Create a test sql database from titanic dataset.

https://python.langchain.com/docs/use_cases/sql/csv/

In [1]:
import pandas as pd
from pyprojroot import here

In [2]:
df = pd.read_csv(here("data/for_upload/ocean_2.csv"))
print(df.shape)
print(df.columns.tolist())
display(df.head(3))

(19, 9)
['Location', 'Depth', 'Temperature', 'Salinity', 'Pressure', 'Dissolved Oxygen', 'Sea Level', 'Tsunami Risk Level', 'Conductivity']


Unnamed: 0,Location,Depth,Temperature,Salinity,Pressure,Dissolved Oxygen,Sea Level,Tsunami Risk Level,Conductivity
0,Paradip Coast,2628.04,15.98,31.67,359135.72,7.49,1.085,Medium,32.03698
1,Haldia Coast,6655.49,1.55,31.68,754228.57,5.2,1.316,Low,54.468067
2,Daman Coast,5126.64,10.1,30.37,604248.38,2.95,1.387,Low,51.024729


### **SQL**

Using SQL to interact with CSV data is the recommended approach because it is easier to limit permissions and sanitize queries than with arbitrary Python.

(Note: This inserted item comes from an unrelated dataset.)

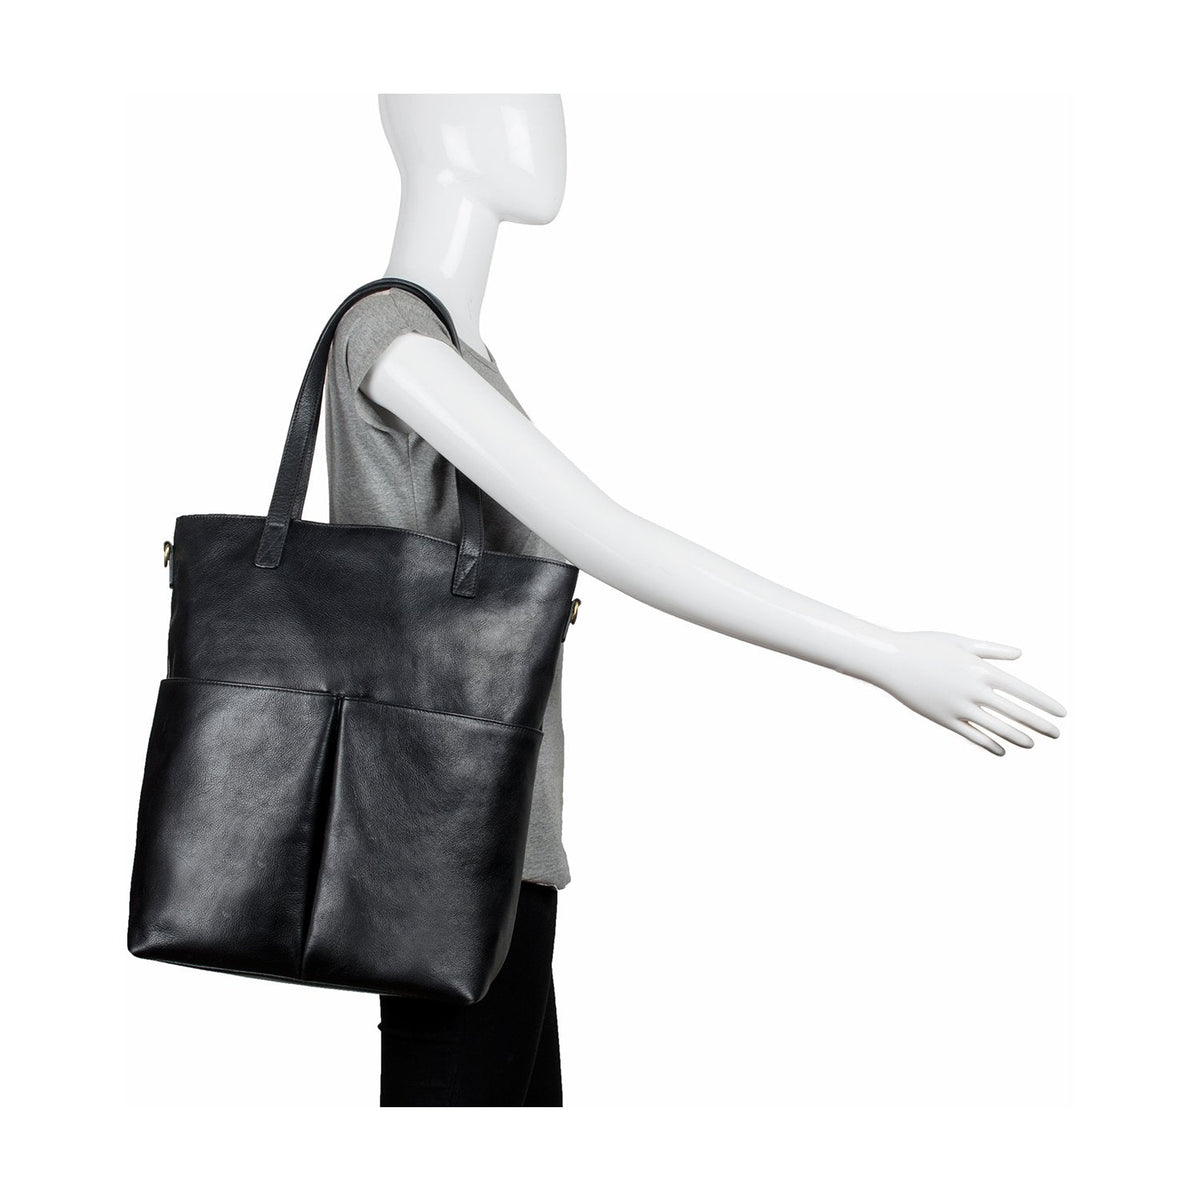 Bags & Luggage - Women's Bags - Shoulder Bags Pepper Large Leather Tote With Sling Strap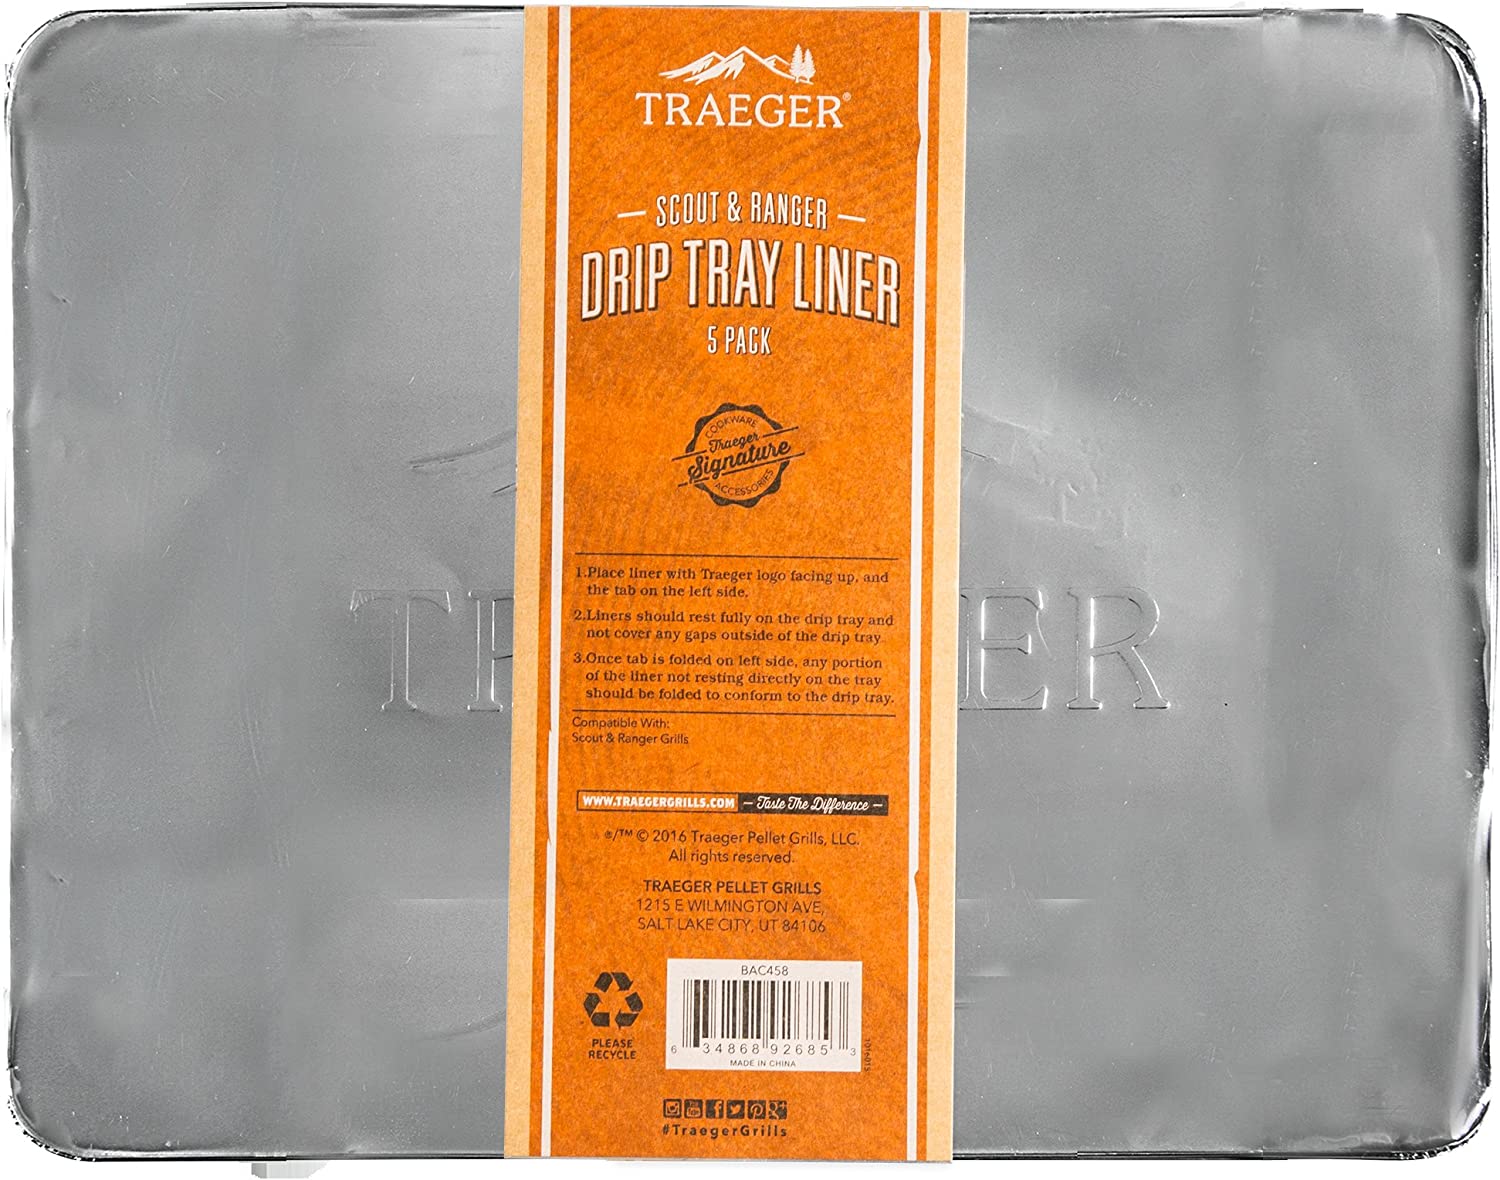 Traeger Drip Tray Liners- 5 Pack Ranger and Scout Grill

Most SQL databases make it easy to load a CSV file in as a table (DuckDB, SQLite, etc.). Once you’ve done this you can use all of the chain and agent-creating techniques outlined in the SQL use case guide. Here’s a quick example of how we might do this with SQLite:

In [3]:
from langchain_community.utilities import SQLDatabase
from sqlalchemy import create_engine
db_path = str(here("data")) + "/test_sqldb.db"
db_path = f"sqlite:///{db_path}"

engine = create_engine(db_path)
# df.to_sql("titanic", engine, index=False)
df.to_sql("test_sqldb2", engine, index=False)

19

For multiple csv files, we can create a sql with multiple tables:
```
df1.to_sql("csv1_name", engine, index=False)
df2.to_sql("csv2_name", engine, index=False)
```

In [4]:
db = SQLDatabase(engine=engine)
print(db.dialect)
print(db.get_usable_table_names())
db.run("SELECT * FROM test_sqldb2 WHERE 'Tsunami Risk Level' == 'High';")

sqlite
['test_sqldb2']


''

**Equivalent in Pandas**

In [5]:
df[df["Tsunami Risk Level"] == 'High']

Unnamed: 0,Location,Depth,Temperature,Salinity,Pressure,Dissolved Oxygen,Sea Level,Tsunami Risk Level,Conductivity
4,Kochi Coast,1100.57,1.9,36.64,209290.92,6.76,0.543,High,34.865852
5,Visakhapatnam Coast,1100.4,29.7,34.75,209274.24,3.9,1.455,High,36.001406
6,Goa Coast,416.0,9.67,38.44,142134.6,7.14,1.015,High,52.468499
14,Haldia Coast,1280.96,10.47,35.31,226987.18,5.93,0.63,High,30.099893
15,Haldia Coast,1292.0,27.89,39.37,228070.2,2.91,1.043,High,51.223348


### **Create an agent to interact with the Database**

In [6]:
import os
from dotenv import load_dotenv
import warnings
warnings.filterwarnings("ignore")
print("Environment variables are loaded:", load_dotenv())
print("test by reading a variable:", os.getenv("GOOGLE_API_KEY"))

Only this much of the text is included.